Par Yves Buchsenschutz,
le mercredi 2 mai 2018

Contrairement à ce que l’on pourrait croire et comme nous allons le montrer, il est extrêmement simple de réduire la dépense publique.

On sait aujourd’hui par les études de l’iFRAP que le taux de prélèvements sur le secteur marchand est de 70% de la richesse produite, et que le nombre de fonctionnaires par habitant en France est parmi les plus élevés d’Europe. Ainsi en France le secteur public distribue gratuitement ou quasiment à la population [1] un certain nombre de biens, de prestations et de services qui sont de fait financés par des prélèvements soit sur les entreprises, soit sur les contribuables de toutes sortes, sous forme d’impôts, de taxes ou de cotisations. Le résultat global est une asphyxie progressive des entreprises qui perdent chaque jour en compétitivité (en particulier sur le plan international) et un exil perlé des contribuables les plus importants, lesquels sont également les investisseurs créateurs d’entreprises potentiels.

Cet effet de ciseaux, augmentation continue des dépenses publiques, diminution des contributions potentielles des entreprises et des assujettis, devrait aboutir logiquement à une paralysie globale du système. Tous les pays du monde, au moins ceux de l’OCDE, ont compris cette mécanique et ont appris à maîtriser ce glissement depuis le pic de « welfare state » de 1995 et la crise de 2008, sauf la France. [2]
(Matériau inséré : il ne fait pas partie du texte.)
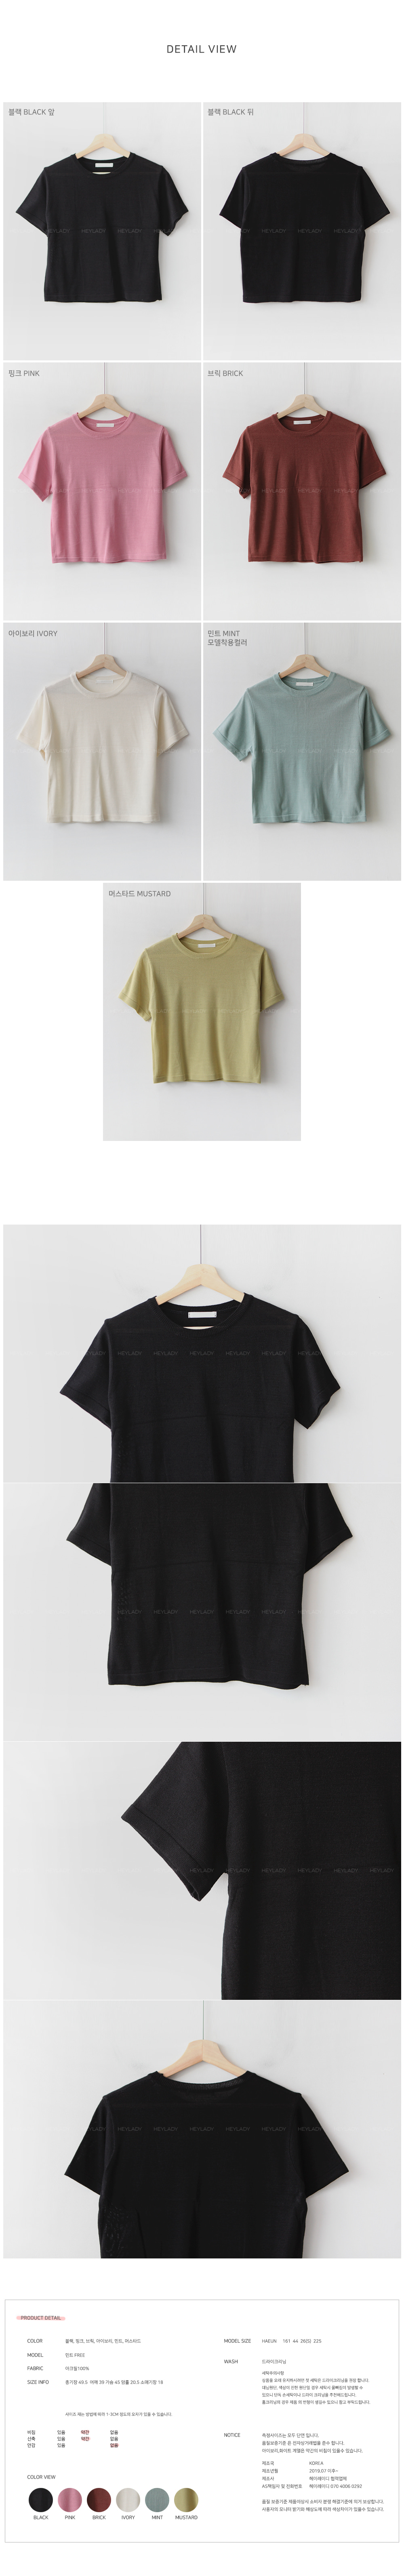 Urban Cropped Short Sleeves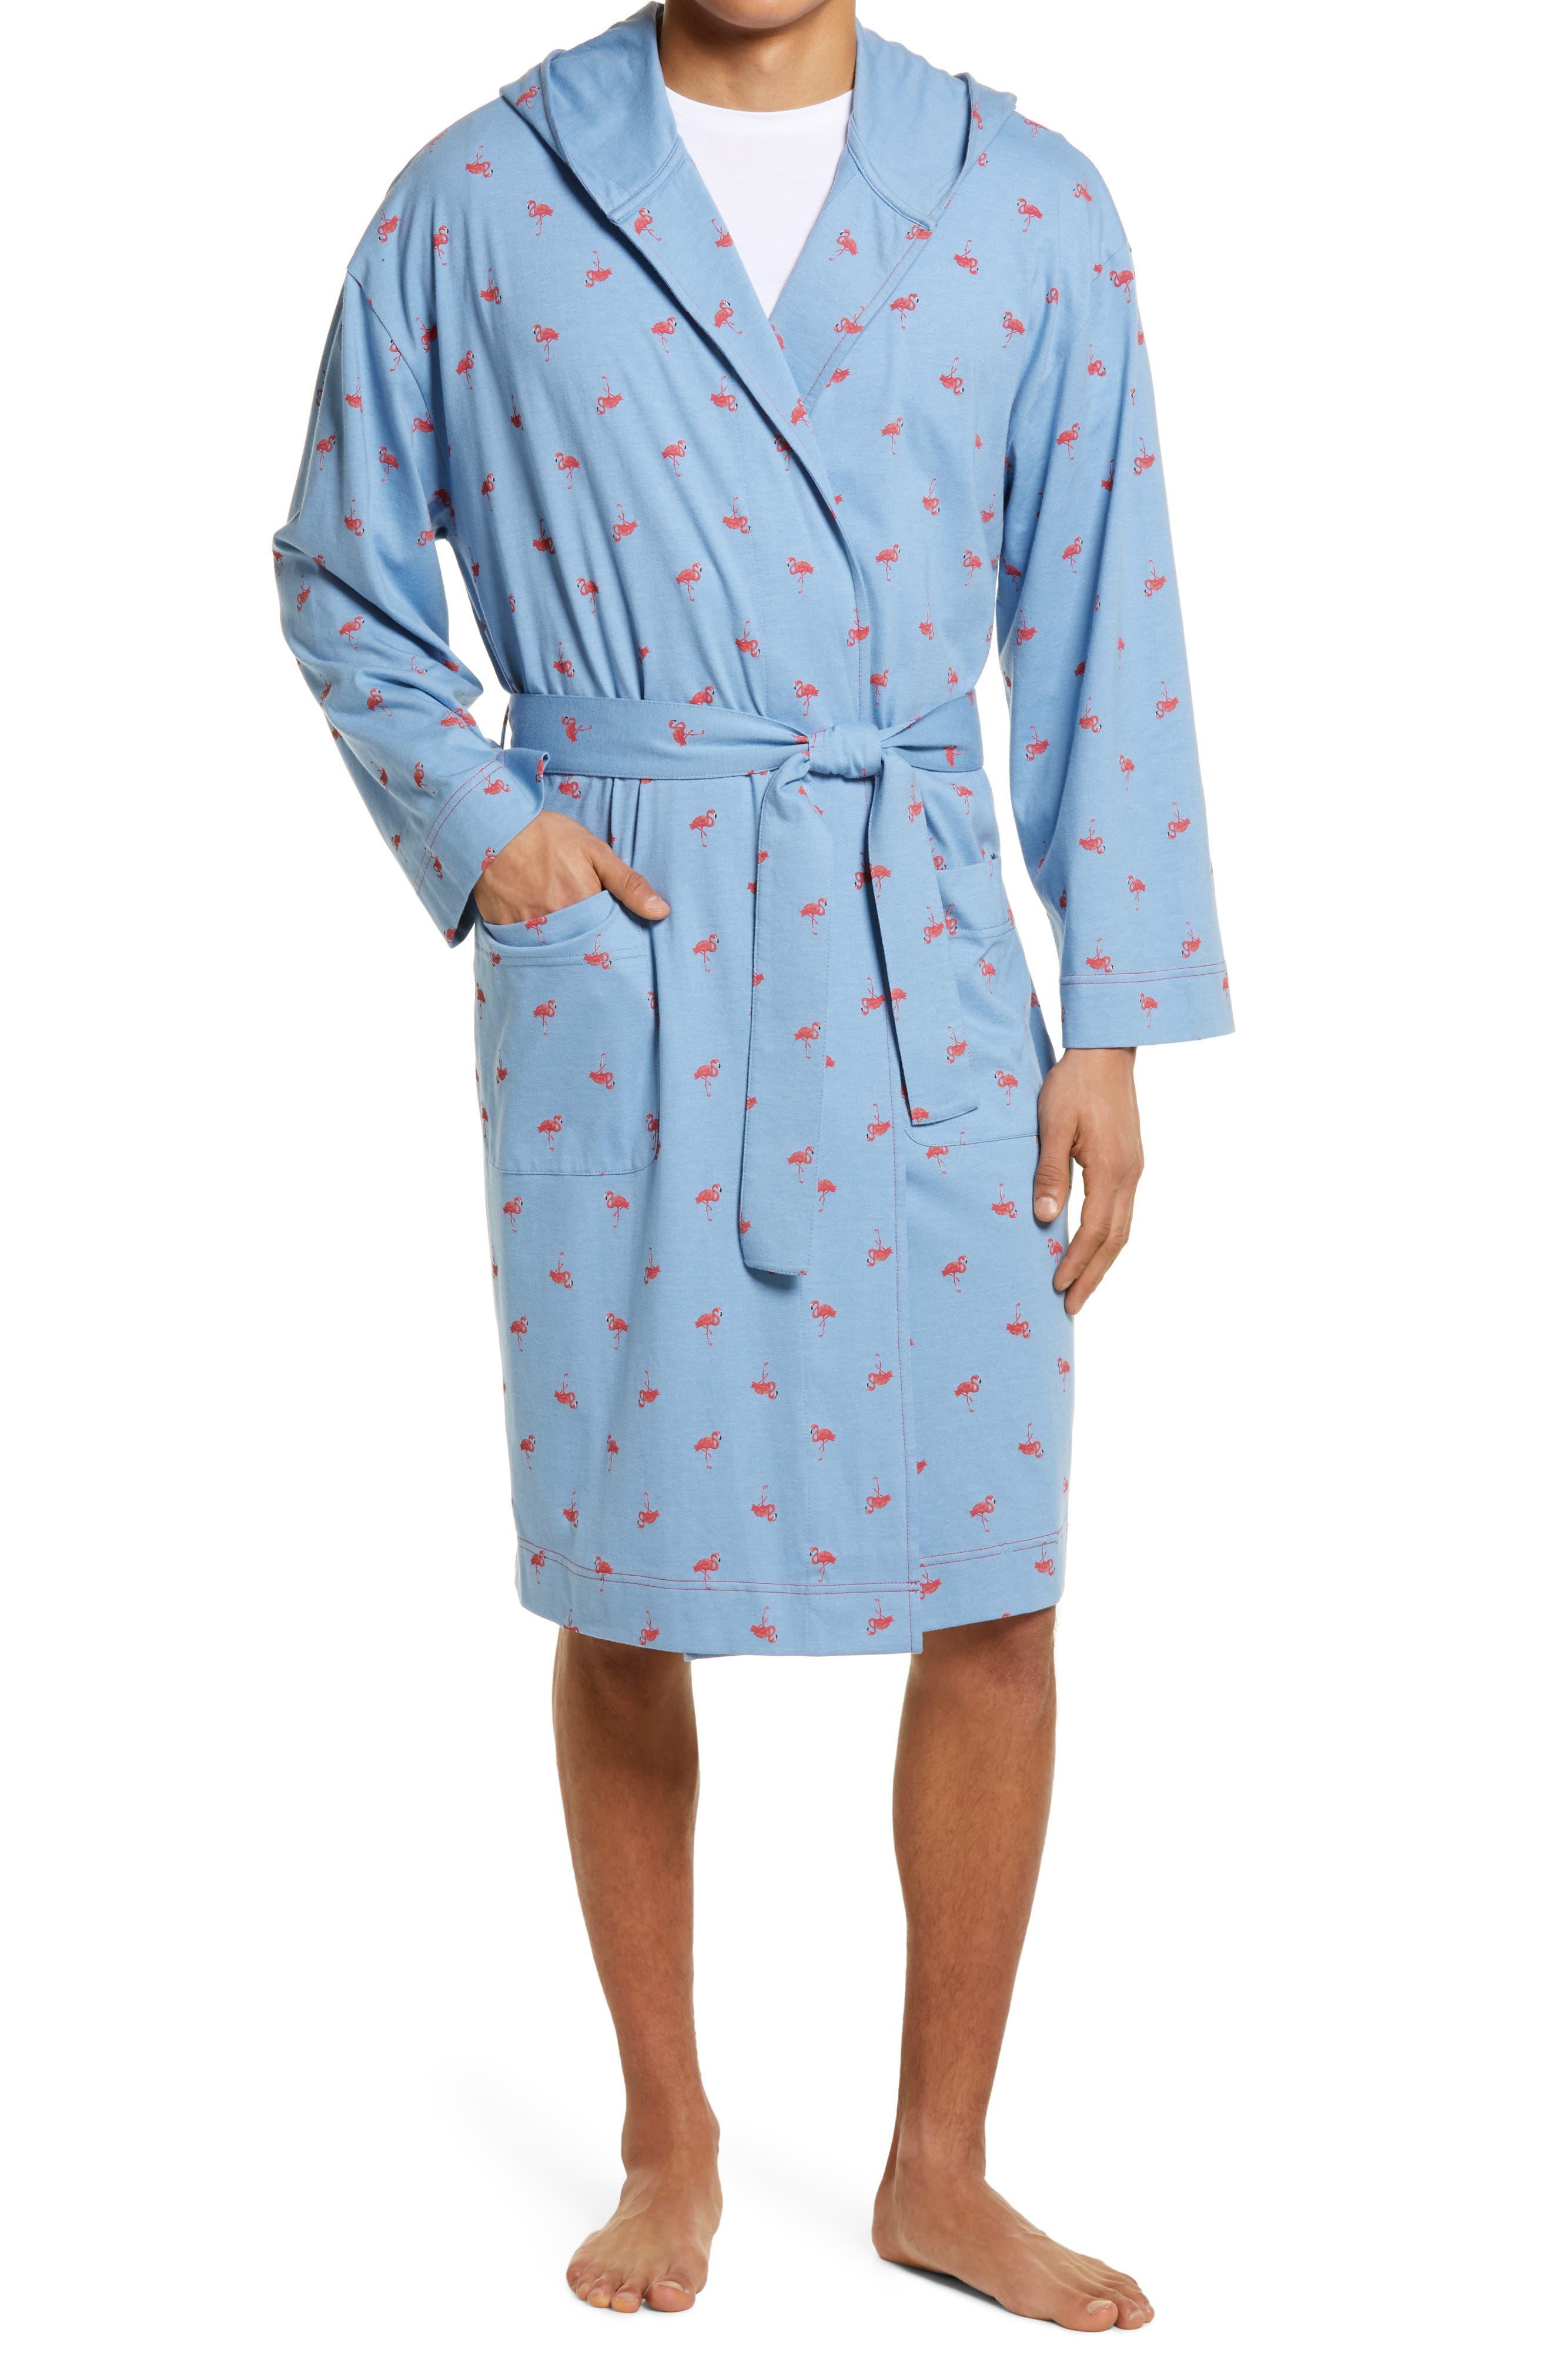 Del Sol Hooded Robe

Ce qui nous intéresse aujourd’hui, c’est comment en sortir ? Tous les pays, la Suède ex-champion du monde du secteur public avant la France y compris, ont résolu le problème en figeant strictement les dépenses dans un univers en croissance. Cela signifiait des recettes supplémentaires à dépense constante, donc progressivement une baisse du poids relatif de l’Etat. Le Royaume-Uni et le Canada, eux, ont agi à la fois sur la croissance des recettes et la baisse des dépenses en valeur absolue, c’est-à-dire ont dégagé l’État d’un certain nombre de domaines. Ainsi la France devrait elle aussi amorcer la pompe : a minima geler les dépenses ! et injecter de l’espoir et de la confiance.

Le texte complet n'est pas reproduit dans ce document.